In our search for a more explicit link, we found one paper that linked the rise of income inequality to the decline of U.S. manufacturing, both in terms of contribution to GDP and as a percentage of the labor force, along with an increase in the premium of manufacturing compensation versus all other industries, from 11% in 1950 to 23% in 2010. Noting that the Gini coefficient, a measure of inequality, had moved from .379 to .440 (toward increasing inequality) during that time, the author declared: "Together these three trends are the major components of the increasingly palpable trend of income inequality from 1950 to 2010."

However, even for a manufacturing advocate like me, the evidence didn't seem strong enough to support the conclusion -- perhaps because the author references a 2000 U.S. Census Bureau report, which noted a possible link, and then quickly dismissed it. The Census report acknowledged that rising income inequality "began in earnest" in the 1980s, which coincided with "a shift from goods producing industries (that had disproportionally provided high-wage opportunities for low-skilled workers) to technical service industries (that disproportionally employ college graduates) and low-wage industries, such as the retail trade."

But it then concluded: "But within-industry shifts in labor demand away from the less-educated workers are, perhaps, a more important explanation of eroding wages than the shift out of manufacturing."

The report then listed other factors that may have caused the downward trend in wages of less-educated workers.

...it's time to acknowledge that manufacturing is the bedrock of a healthy national economy.

Still other researchers hinted at a link, but hadn't specifically researched manufacturing. One reviewed the relationship between weakening union "power and density" and growing inequality. Several others noted that rising inequality coincided with the divergence between productivity and typical (hourly) workers' pay.

Meanwhile, Jan Berg-Andreassen, chief economist, International Infrastructure & Transport Group LLC, agreed to review the data for IndustryWeek. For his analysis, he compared manufacturing value added as percent of U.S. GDP with the Gini coefficient during five periods in U.S. history.
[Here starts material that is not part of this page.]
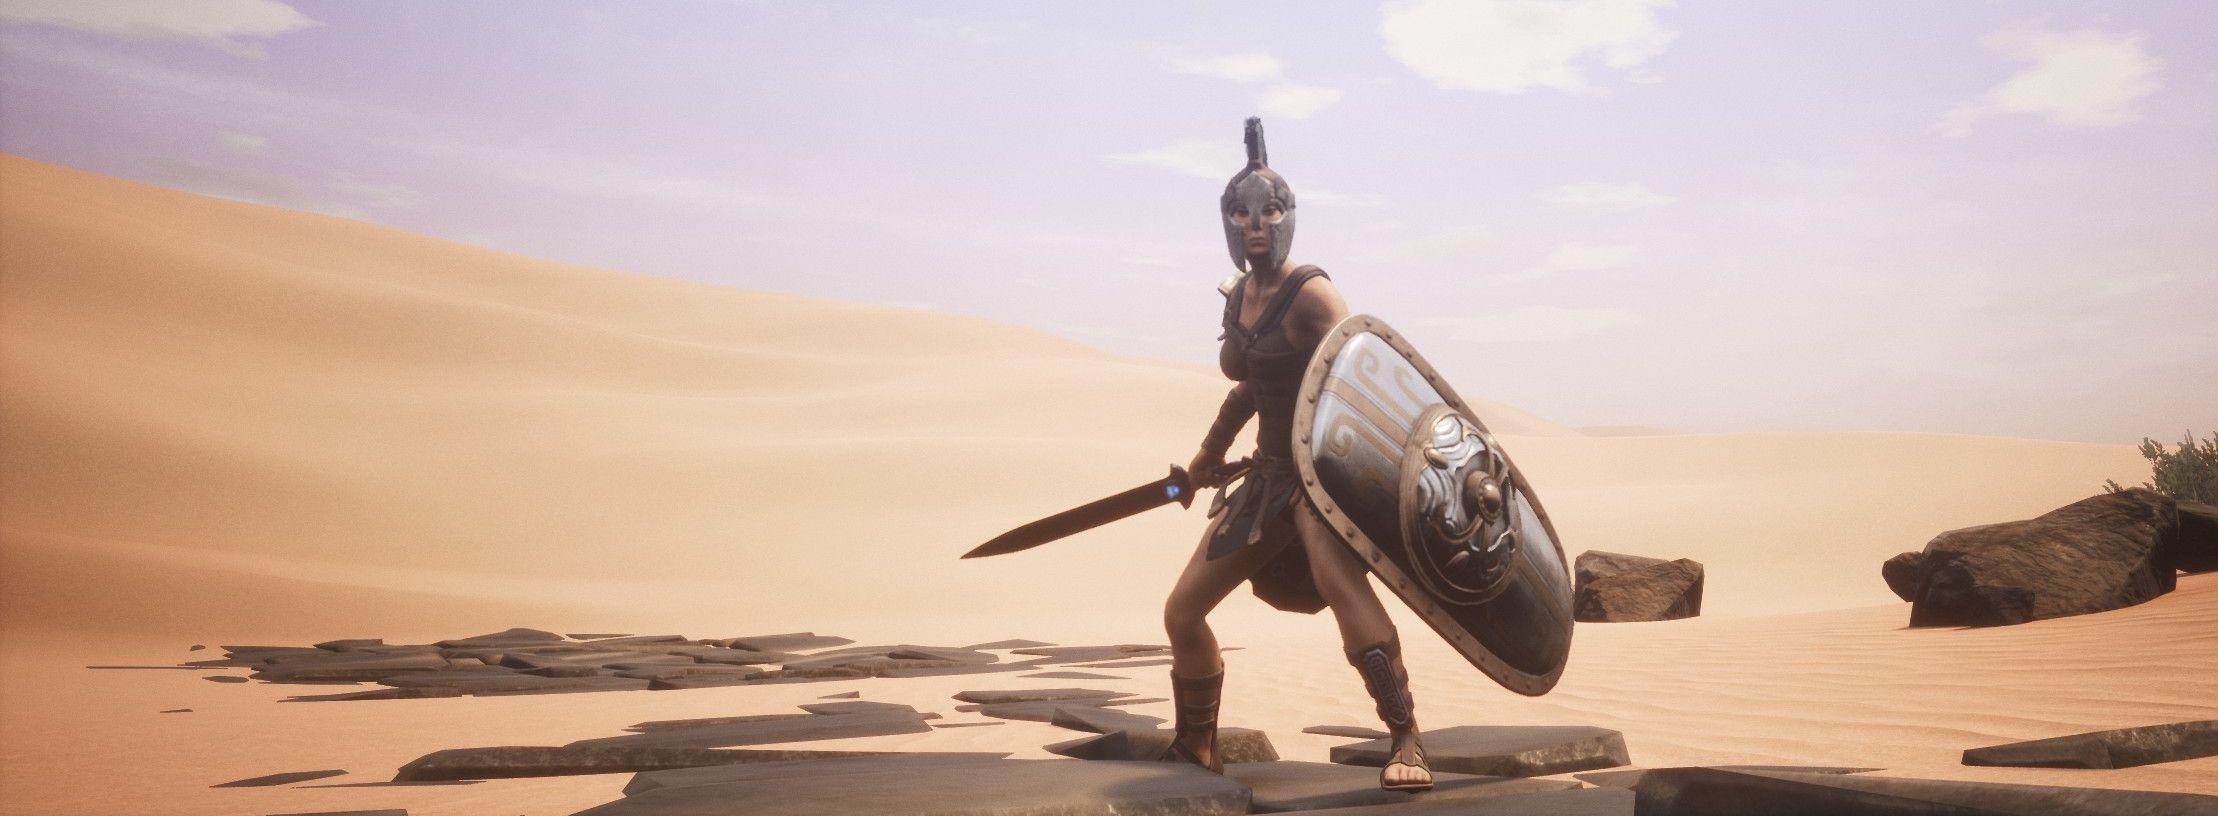 Conan Exiles wollte es nicht, aber seht hier den unangekündigten DLC

He concludes: "There is a close adverse relationship between the rise and fall of the manufacturing sector and the income distribution of the U.S."

As a nation, we've spent decades conducting a grand economic experiment testing theories that encourage decisions -- by public policy and business leaders -- that transition the U.S. economy away from manufacturing (read: factory) work. Now it's becoming increasingly evident something is wrong with our economy. Berg-Andreassen's analysis strongly suggests what it is.

Some may want to do further analysis, but I think we'll find that it's time to acknowledge that manufacturing is the bedrock of a healthy national economy. We should be making public policy and business decisions accordingly.